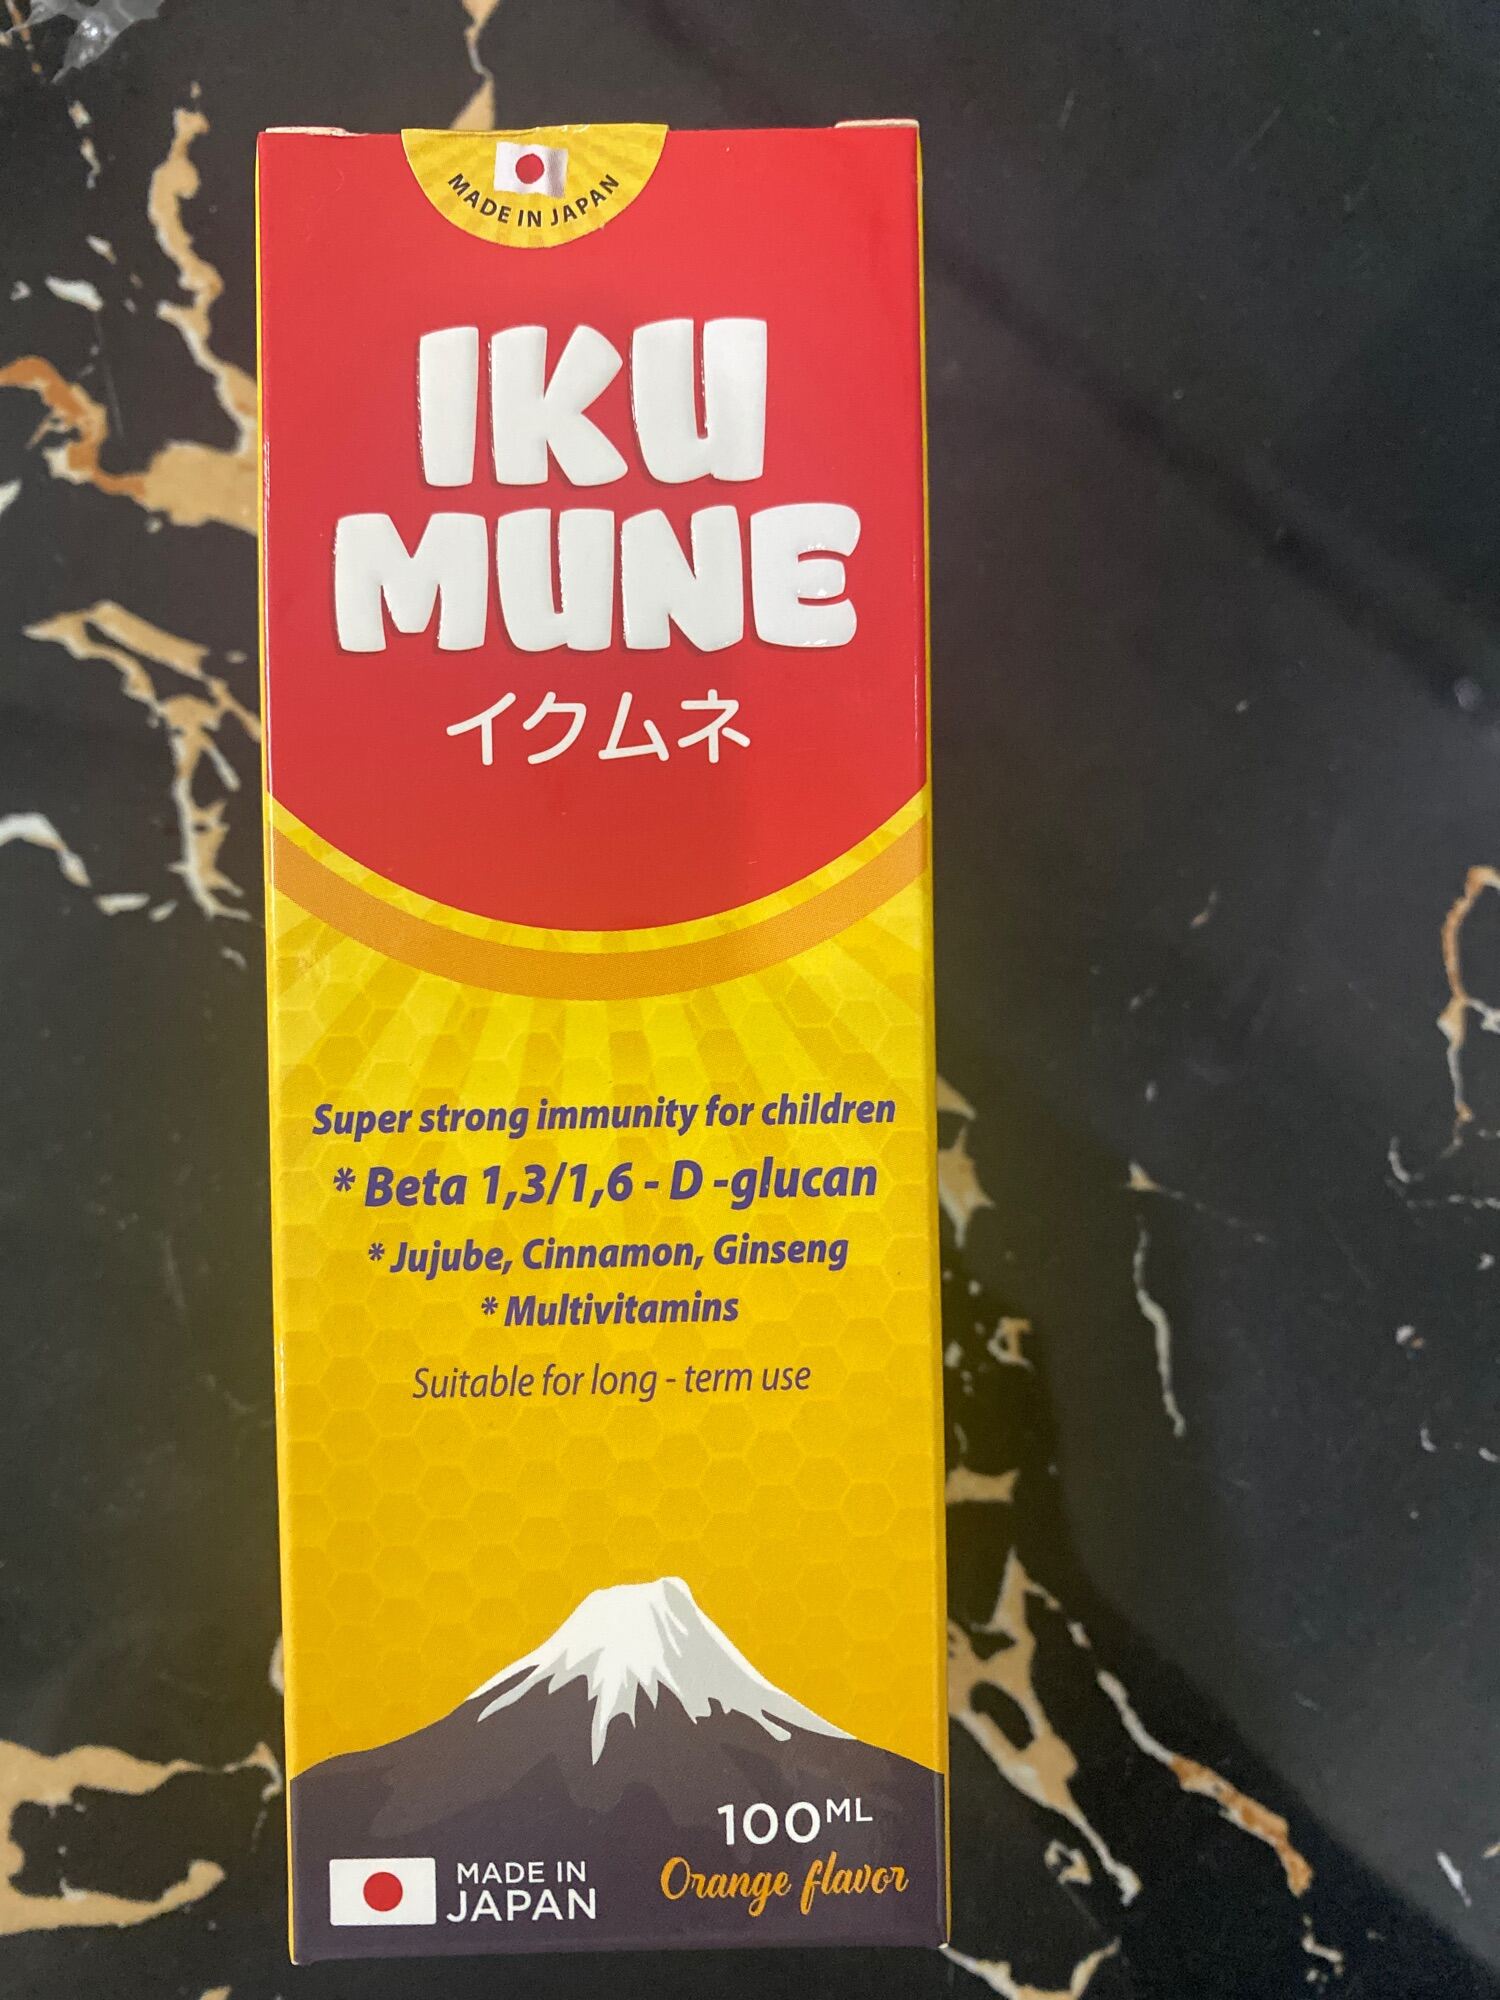 Ikumune made in Japan
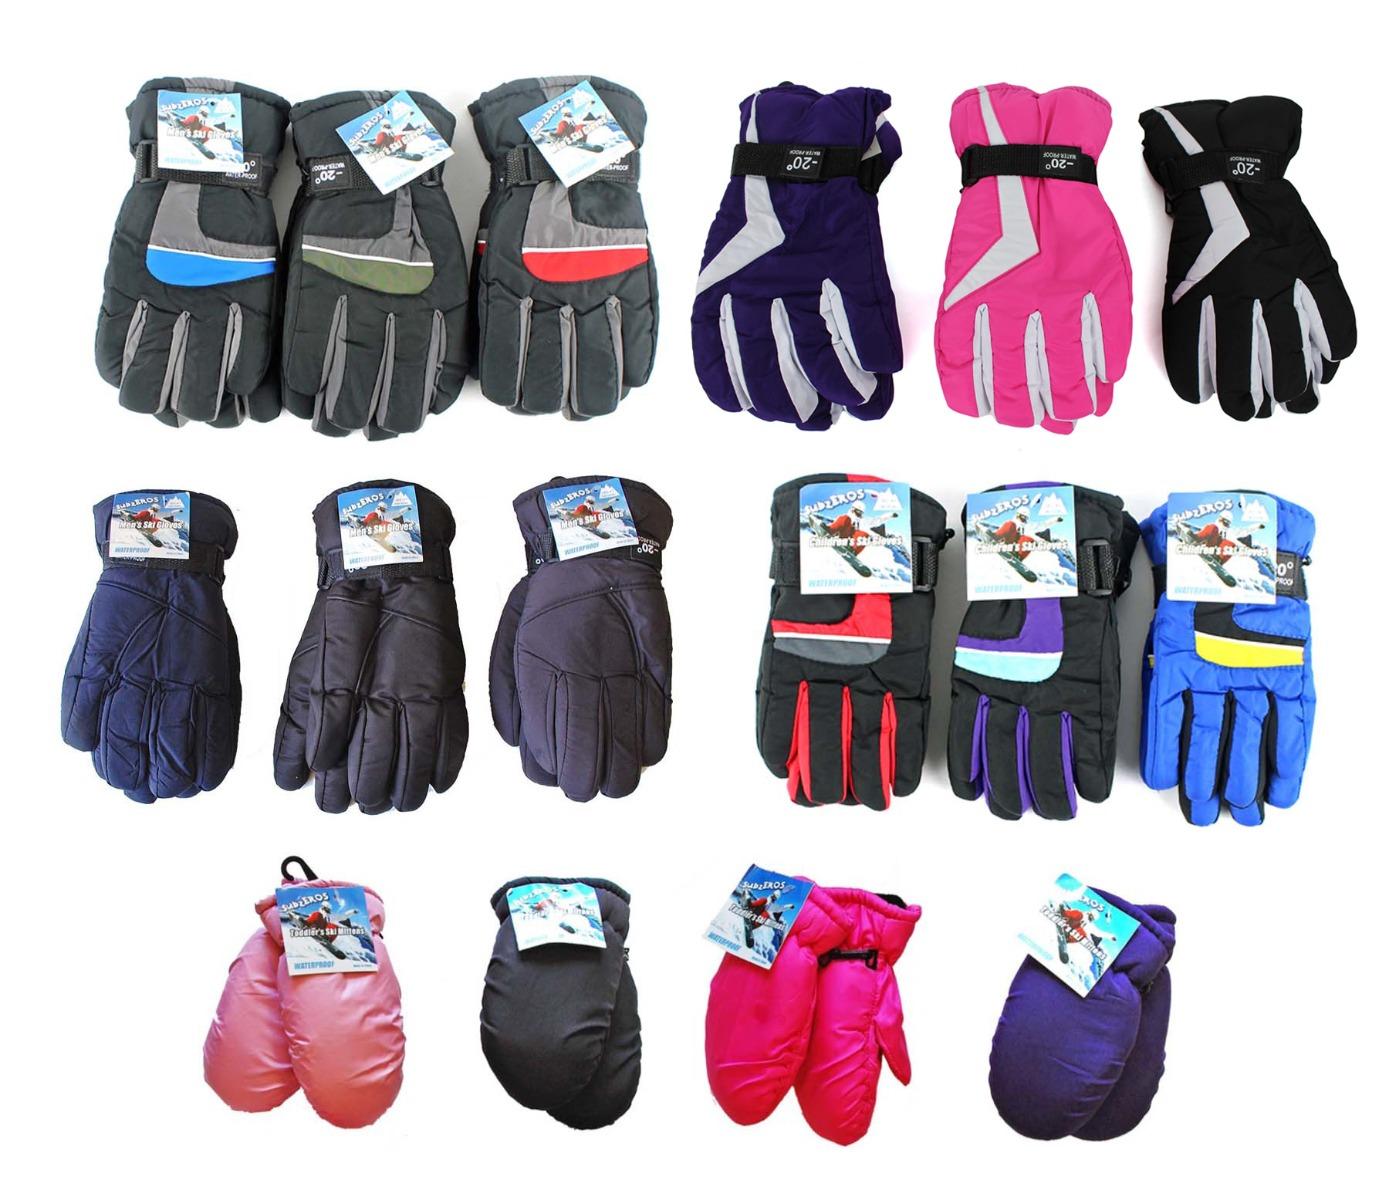 Family Ski Gloves Combo Pack
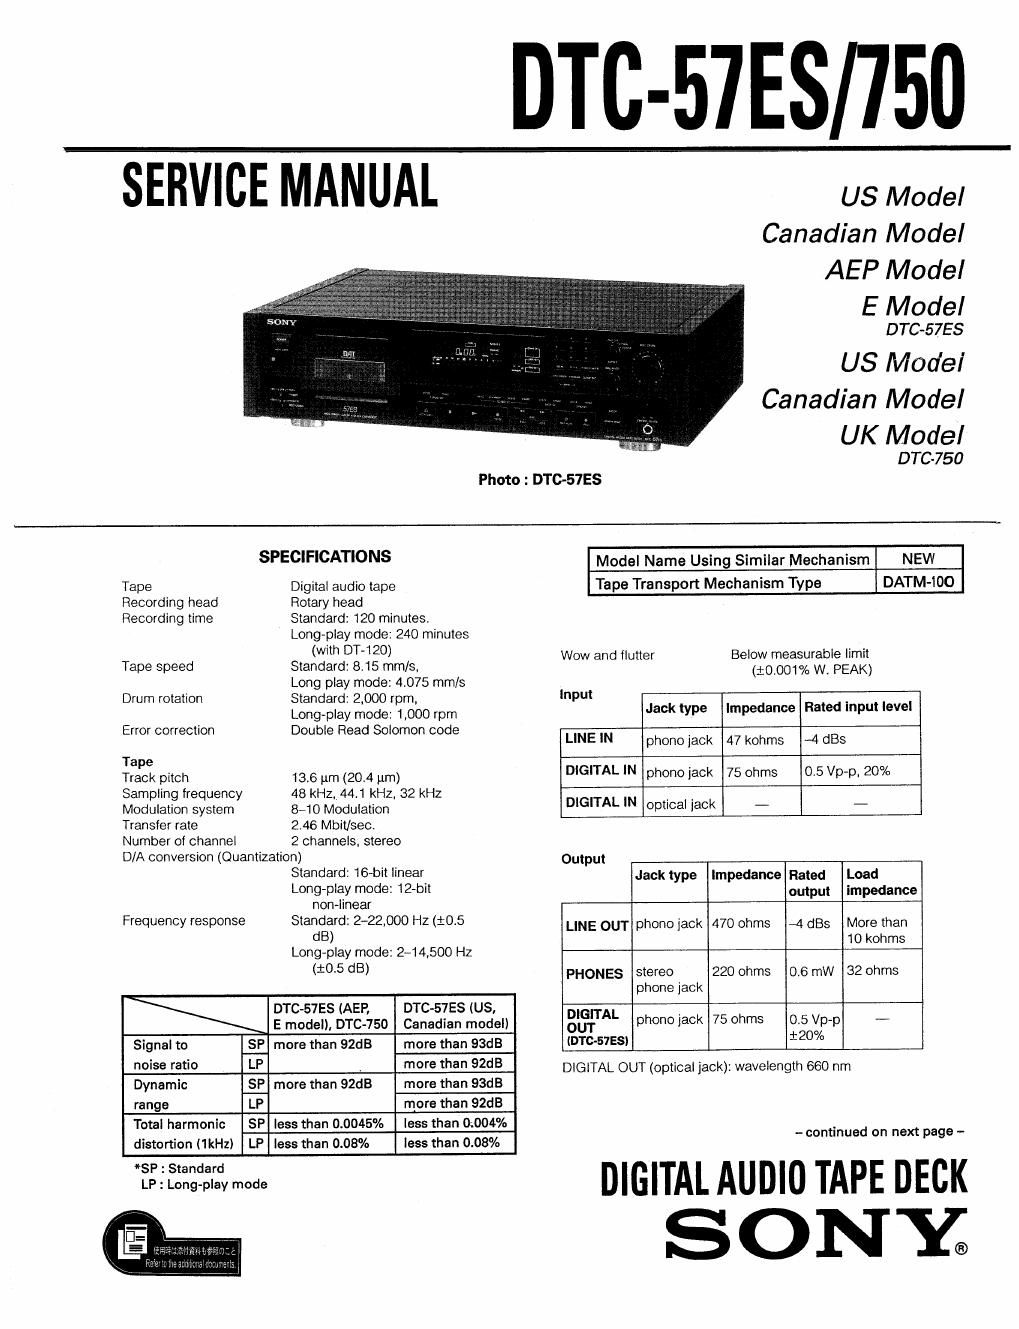 sony dtc 570 service manual

Work to be completed:
Reproduce the data word for word, excluding its pictures.

Solved problem:
 Ikumune made in Japan
 Family Ski Gloves Combo Pack
 sony dtc 570 service manual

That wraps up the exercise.